En er kwam licht
door Henk Velvis
Wij zijn thuis bij de dagelijkse bijbellezing weer begonnen met Genesis. Uit de Bijbel in Gewone Taal deze keer. Ik kan er niks aan doen, maar bij de lezing van het scheppingsverhaal bekruipt mij altijd een wat vervreemdend gevoel. Met de kosmologische kennis van nu lijkt het een weinig realistisch relaas. Alsof de aarde aanvankelijk – los van het zonnestelsel- als een piepklein donker bolletje in het grote heelal rondzweefde. Een heelal waarin ook verder nog geen ster te bekennen was. Pas als de planten en bomen al in volle groei en bloei staan (dag 3), worden zon, maan en sterren (miljoenen lichtjaren ver) nog eens als lampen aan het zwerk bevestigd. Terwijl het licht zelf al op dag 2 geschapen was. Is dat niet raar allemaal?

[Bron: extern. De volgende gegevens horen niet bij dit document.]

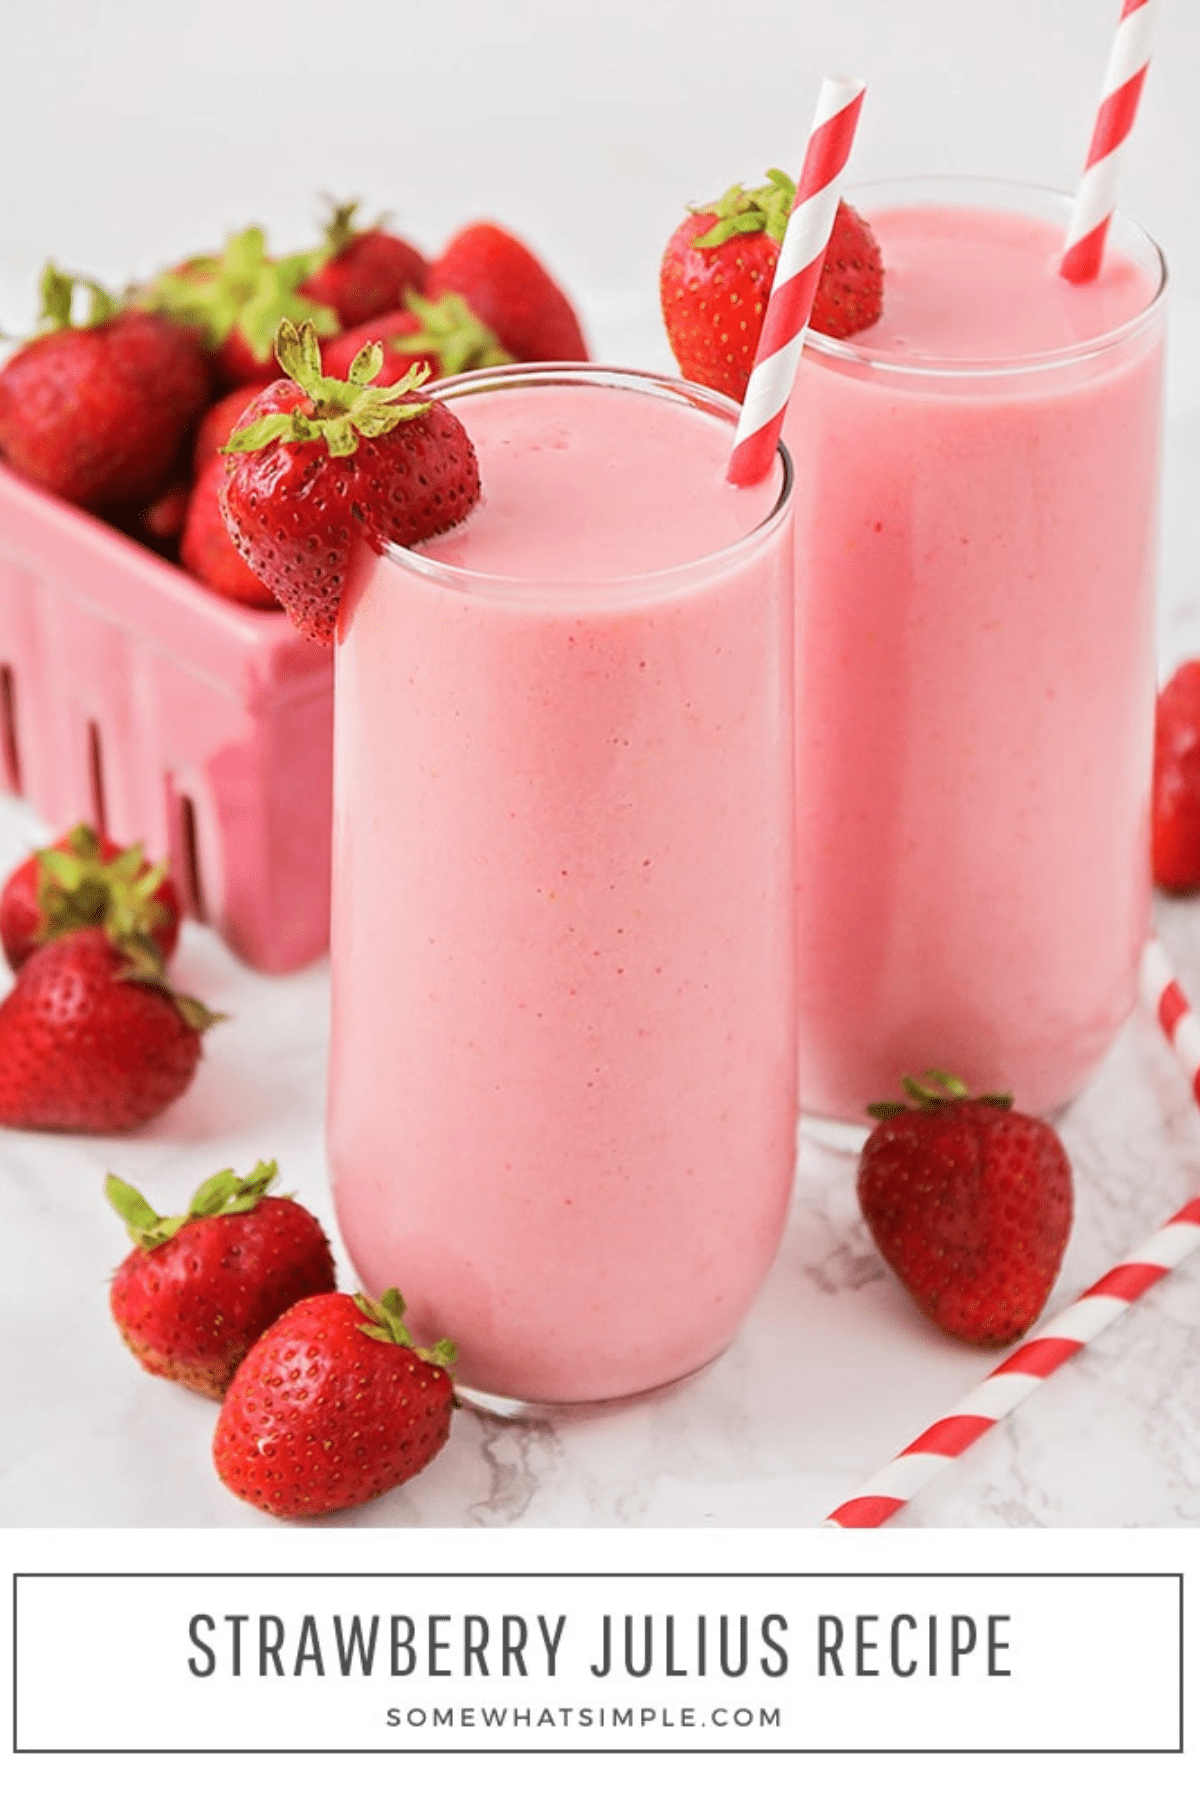 Made with simple ingredients and bursting with fresh strawberry flavor, this delightful Strawberry Julius recipe is sure to become a new summer favorite. via @somewhatsimple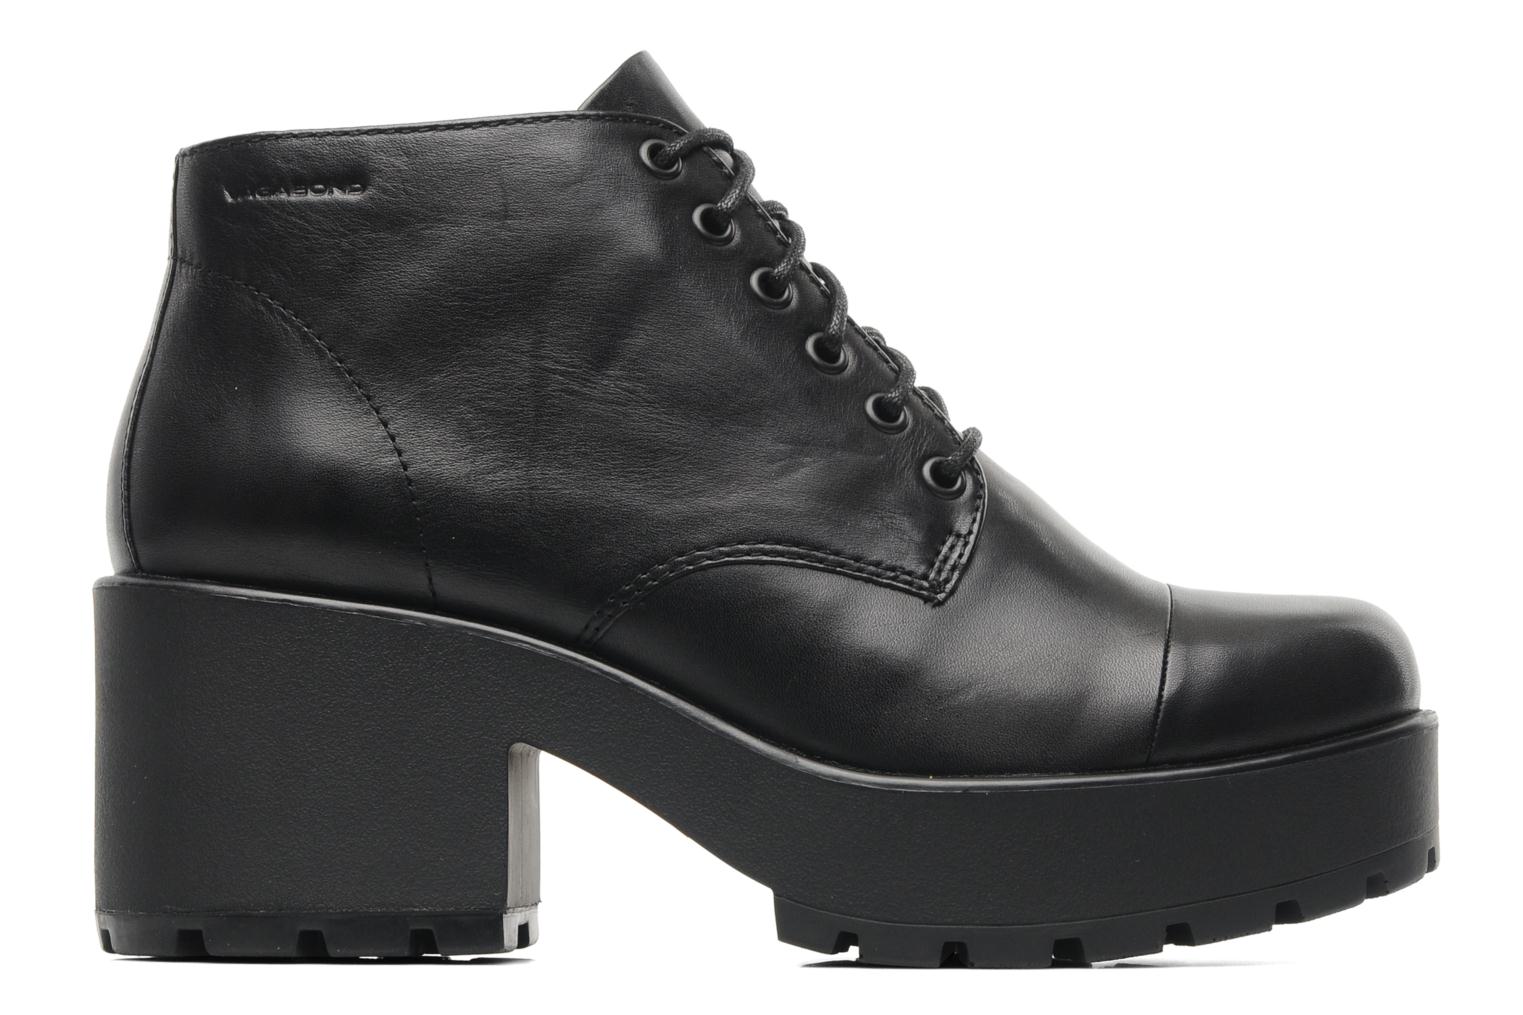 Vagabond Dioon 3747-001 Lace-up shoes in Black at Sarenza.co.uk (162265)

Ik denk dat je uit het scheppingsverhaal geen kosmo- of chronologie moet willen afleiden. De boodschap is simpel en helder. Om ons even op de schepping van het licht te concentreren: het verschijnsel licht “an sich”, waarvan wij elke dag mogen genieten, is niet een vanzelf ontstaan natuurkundig fenomeen, maar is door God de Schepper planmatig ontworpen. En door Hem vervolgens gebonden aan lichtdragers zoals wij mensen die aan het firmament kunnen waarnemen. Daar zit een Masterplan achter. En bovendien: die lichtdragers zijn er ook nog eens ten dienste van mens en natuur (Genesis 1 : 14 – 18)!
Dat laatste lijkt alweer een absurde gedachte. Dat al die miljarden hemellichamen in dat immense heelal speciaal geschapen zouden zijn met het oog op mens, plant en dier op aarde. Op dat ene onooglijke stipje in een uithoek van één van die ontelbare sterrenstelsels. Een achterhaald geocentrisch wereldbeeld, zou je zeggen.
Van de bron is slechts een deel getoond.